Based on the current status of the KV channel field, it is to be expected that drugs modulating the channels discussed here (KV1.1, KV1.3, KV1.5, KV7.2–7.5, KV10.1 and KV11.1) will reach the clinic within the next few years. Non-selective KV channel modulators like Fampridine (4-AP) may have already found a niche in the potential treatment of multiple sclerosis. The KV7.2/7.3 activator retigabine has completed phase-III clinical trials for the treatment of epilepsy and currently represents the most advanced novel KV channel modulator. Next generation modulators of KV7.2/7.3 channels are only a few years behind retigabine in their development. However, it is also sobering to contemplate, that despite more than 20 years of work no KV channel modulator specifically designed for a particular target has reached the market yet. Other KV channels like KV2.1 or KV3.4 may offer attractive therapeutic opportunities in the future, but need to be explored further before they can be regarded as valid drug targets. It will also be interesting to see whether any repositioning of existing marketed drugs will take place in the KV channel field. For example, could an “old” drug like clofazimine find new life as a Kv1.3 inhibitor-based immunosuppressant? Clearly, development of KV channel targeting drugs is at an early stage and certainly a challenging endeavor, but the opportunities for future success are extensive.

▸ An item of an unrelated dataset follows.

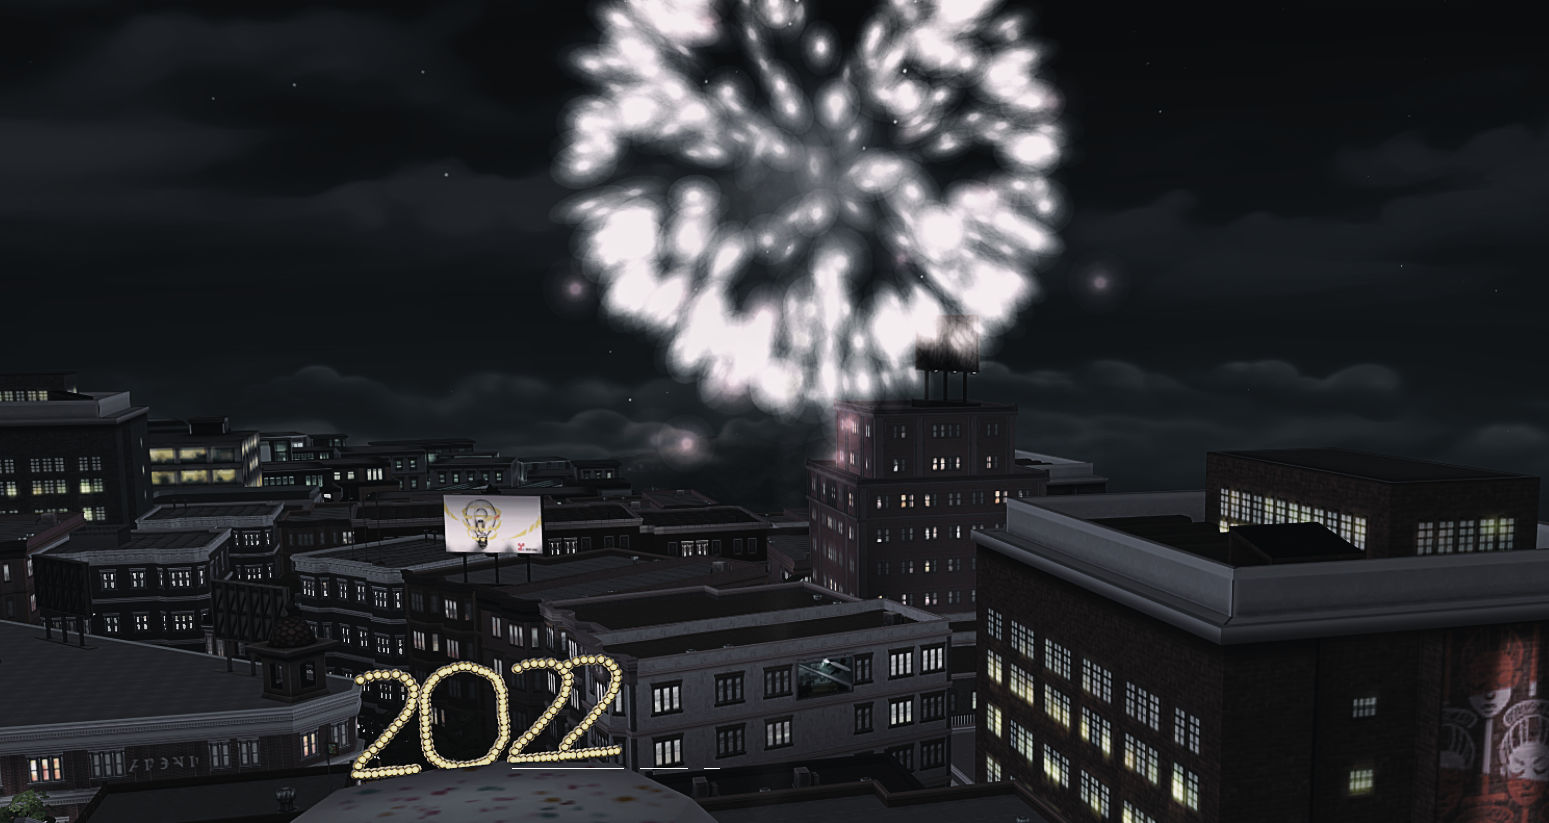 The Sims 4: 2021 was the year of modders and CC creators

We thank Boris Zhorov for help with Figure 3. The authors’ work has been supported by the National Institute of Health (RO1 GM076063 to H.W.) and the Max-Planck Society (L.A.P).

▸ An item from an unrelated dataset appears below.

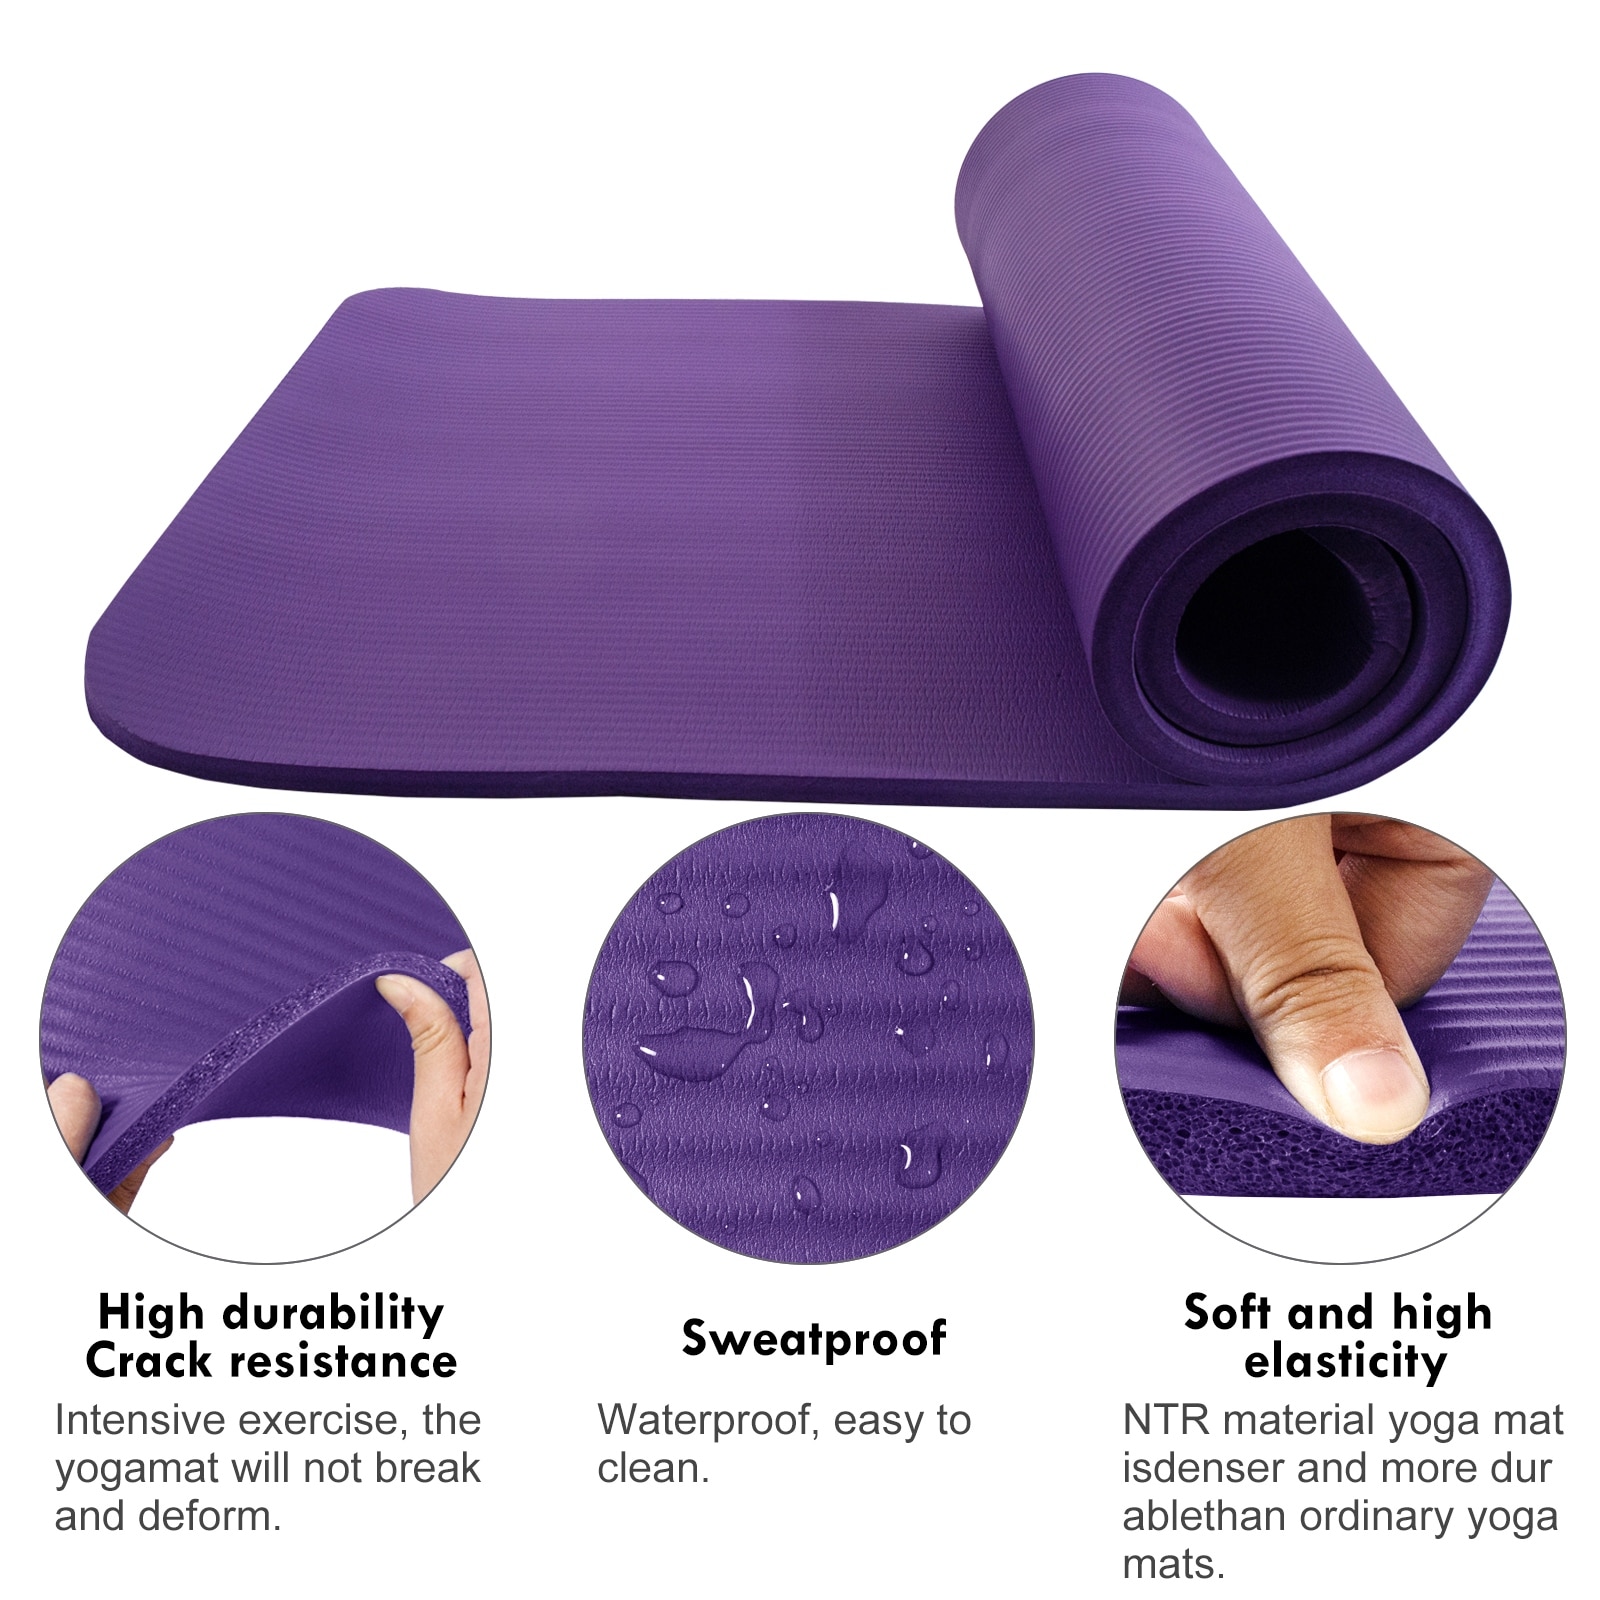 Pro Space Pink High Density Large Yoga Mat 79 in. L x 52 in. W x

Financial Interest Statement
H.W. is an inventor on the University of California patent claiming PAP-1 and related KV1.3 blockers for immunosuppression. She is a scientific founder of Airmid, a start-up company that is aiming to develop KV1.3 blockers as immunosuppressants. N.A.C. is an employee of Icagen Inc., a company that is currently developing KV7.2 and KV7.3 activators for epilepsy. L.A.P. is a shareholder of iOnGen AG, a company developing ion channel-based diagnostics and therapies in oncology.